Monday, August 24, 2009

More Questions?

Add them as comments here. Try to shorten them. As you have seen, the questions can become so involved that they become difficult to use.

Wednesday, August 19, 2009

DIALOGUE: A Response from Ms Combier-Donovan

Catherine Combier-Donovan <>
standing maryanna <>
Wed, Aug 19, 2009 at 9:19 AM
RE: A Request from the blog: Richmond Voices

Dear Blogmaster,

Thank you once again for the invitation to enter into dialogue with you and other members of the Diocese of Richmond. The question about the tabernacle tends to be an emotional one, so I would like my response to be prayerfully pondered and carefully crafted. Because I will be out of the country for the next two weeks, I don’t have enough time to do this well right at the moment. Rest assured, however, that I will respond when I return.

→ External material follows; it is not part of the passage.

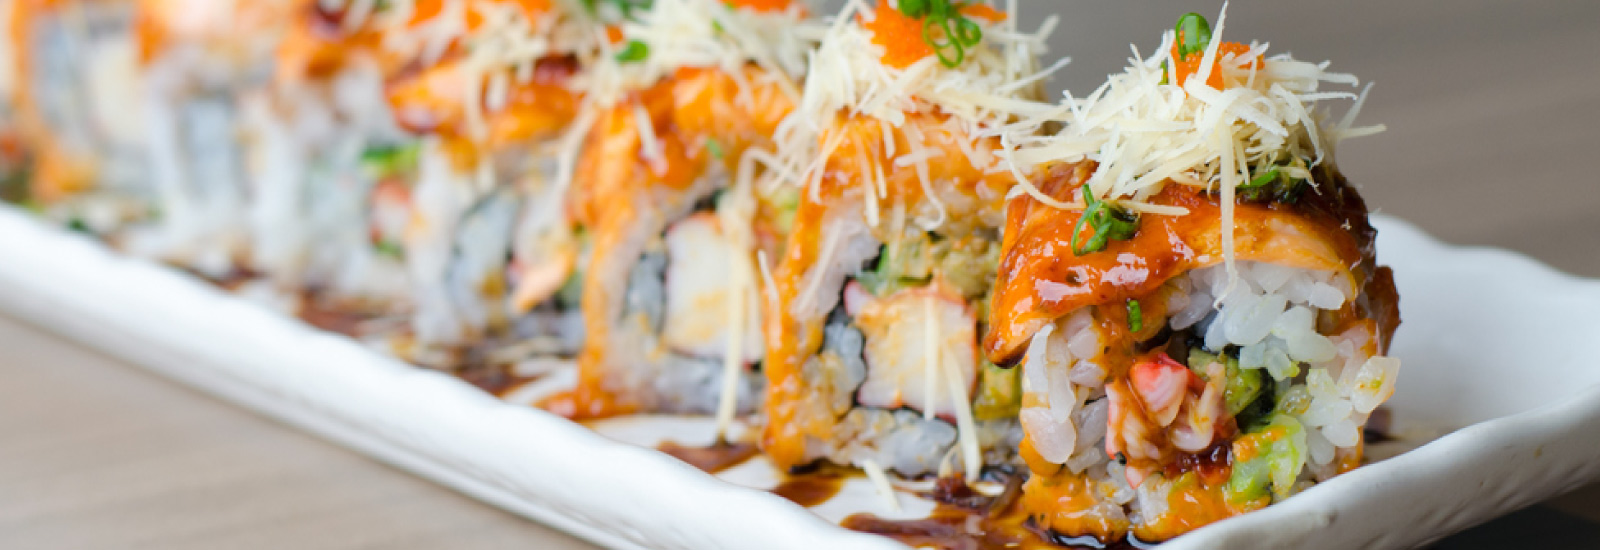 Hissho Sushi, NAS Pensacola, FL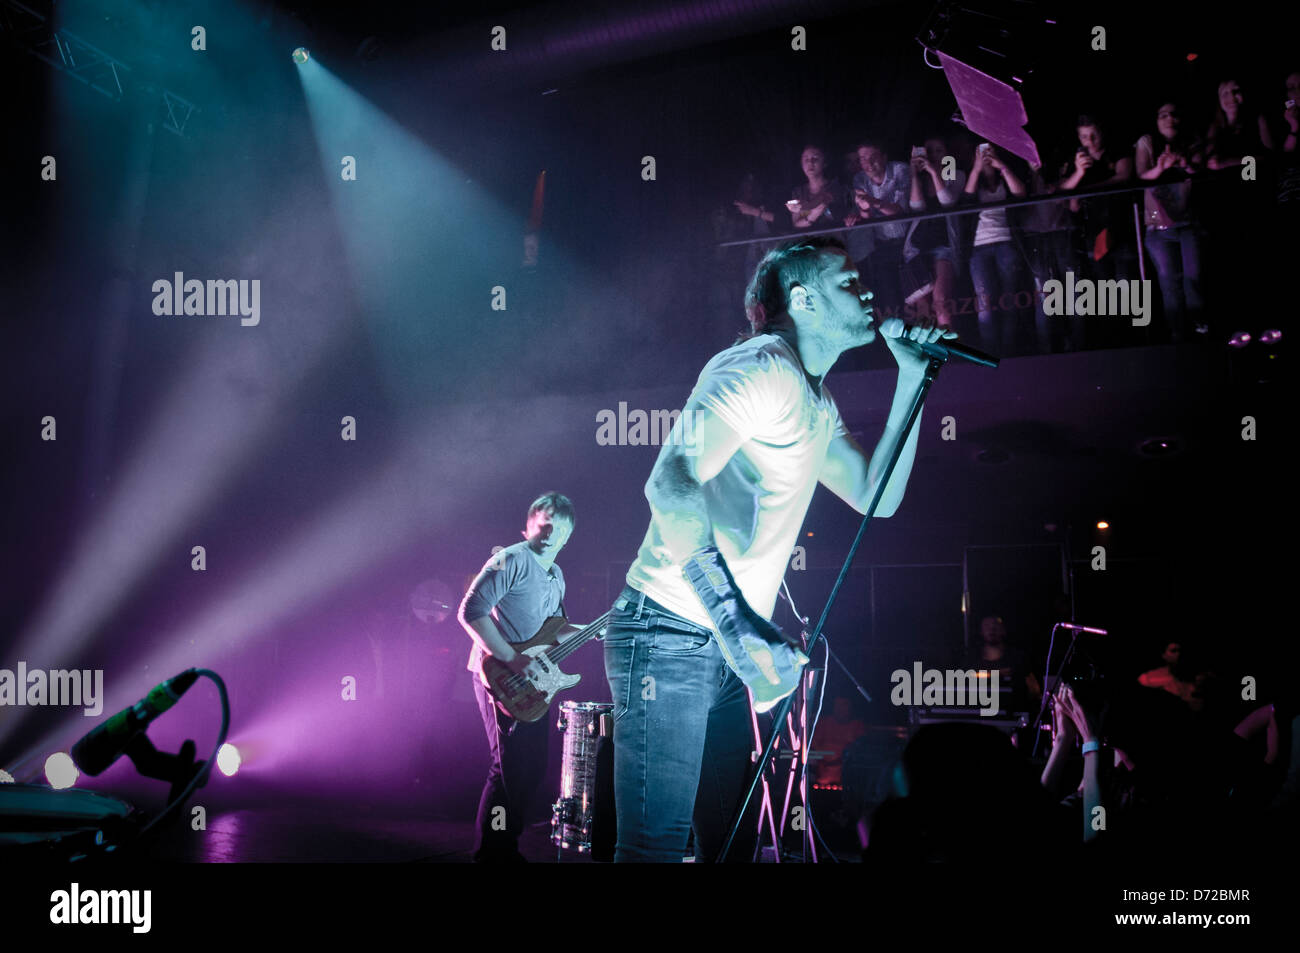 Imagine Dragons with lead singer Dan Reynolds live on Night Visions World Tour, Prague, Sasazu. - Stock Image

I’m sure some of my colleagues would be interested in participating in the kind of dialogue you are proposing, for we see poor communication as one of the biggest stumbling blocks to effective ministry.

In the peace of Christ,

Catherine Combier-Donovan
Office of Worship


standing maryanna []
Tuesday, August 18, 2009 8:43 PM
Catherine Combier-Donovan
A Request from the blog: Richmond Voices

Dear Ms Combier-Donovan,

Your kind response to the question about Holding Hands During The Lord's Prayer was gratefully received by the people who frequent my blog, Richmond Voices. Actually, they were quite surprised that you took the time to respond to the question. Again, I thank you for doing so.

In continuing the discussion on the blog, a question was raised about the possibility of opening a dialogue between the Lay Leadership on the Diocesan level and readers of the blog.

I am very much aware that many people on the parish level in our diocese and elsewhere have questions that have been posed to their parish leaders or to others in diocesan leadership positions about why certain changes occurred in the Liturgy or in the church building. Either the changes were not properly explained or the questions were dismissed. This has been hurtful to many people who love the Church and love their parishes.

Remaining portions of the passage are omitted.